Your posts on over-dispersion are very interesting. A good teaser to learn more. The finding in this analysis of CMI data, however, seems to me to be counter-intuitive from a stochastic point of view.

I have an inkling why overdispersion would improve your p-spline fit. However, if you were to do it "the other way round", i.e. assume that the process which gives rise to the data points is a stochastic process and project it forward using time series methods, your relaxation of the Poisson assumption leads to a widening of the confidence intervals, not a narrowing. Intuitively, my guess is that the overdispersion (or Negative Binomial assumption) increases parameter uncertainty, but for a given parameter set narrows the range of stochastic projections. In aggregate, however, the total range of outcomes should be substantially wider.

A comment on the other topic which your post touches on: ONS versus CMI.

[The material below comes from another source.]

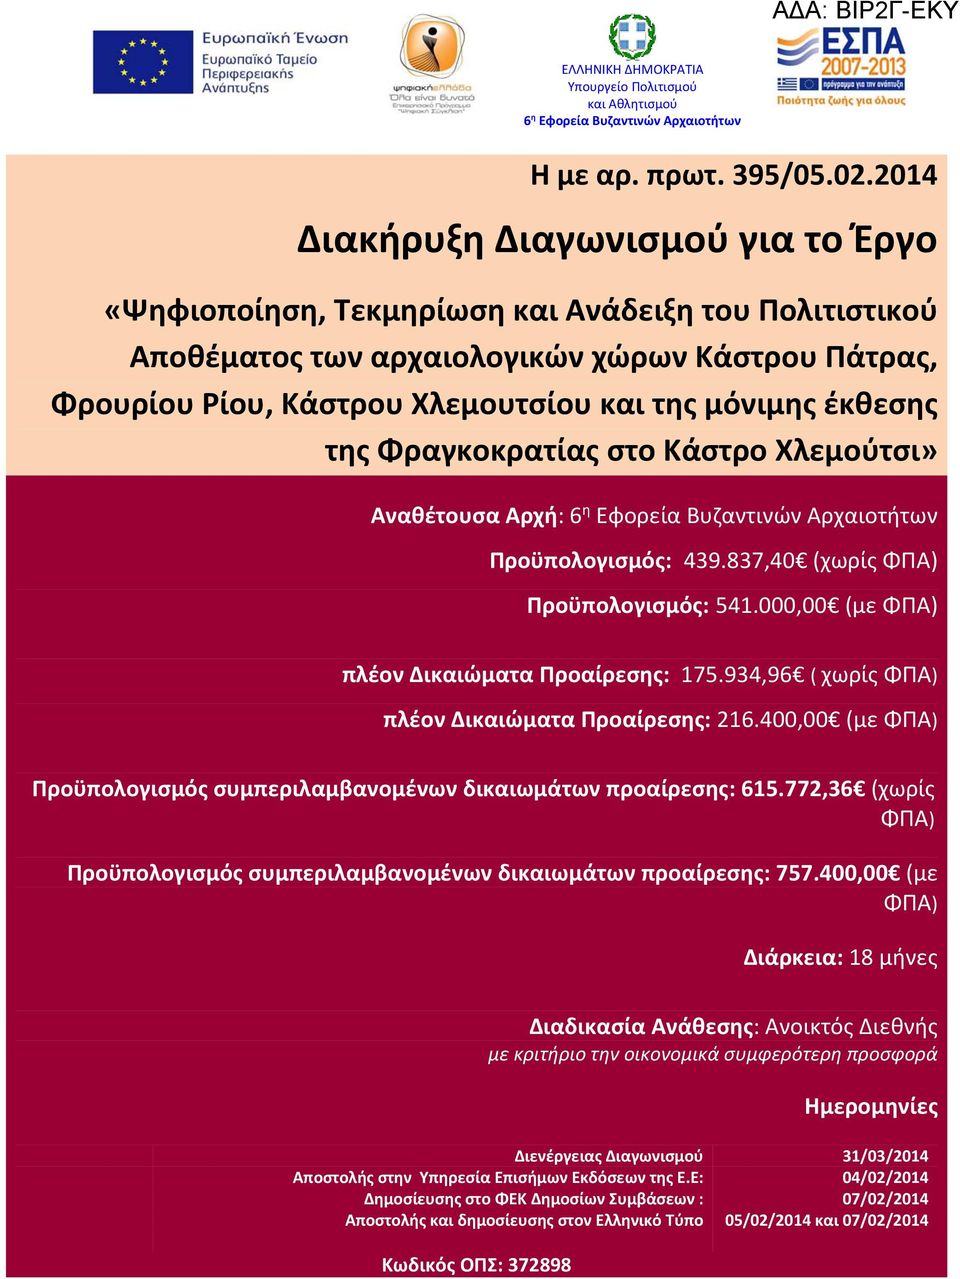 έκθεσης της Φραγκοκρατίας στο Κάστρο Χλεμούτσι» Αναθέτουσα Αρχή: 6 η Εφορεία Βυζαντινών Αρχαιοτήτων Προϋπολογισμός: 439.837,40 (χωρίς ΦΠΑ) Προϋπολογισμός: 541.

I find it intuitively gratifying to see that CMI data is less dispersed than ONS data, which is as it should be, given the wider range of socio-economic strata in population data. However, again, parameter uncertainty in your stochastic model must be orders of magnitude greater for CMI data, because your ensemble is so much smaller. Again, this would lead to wider confidence intervals than the stochastic projection based on a best estimate parameter set implies.

Have you done any analysis on this issue?

BTW, you will have seen the ASTIN Bulletin (May 2009) article by Li, Hardy and Tan on overdispersion in mortality forecasts, won't you?

Greetings, Kai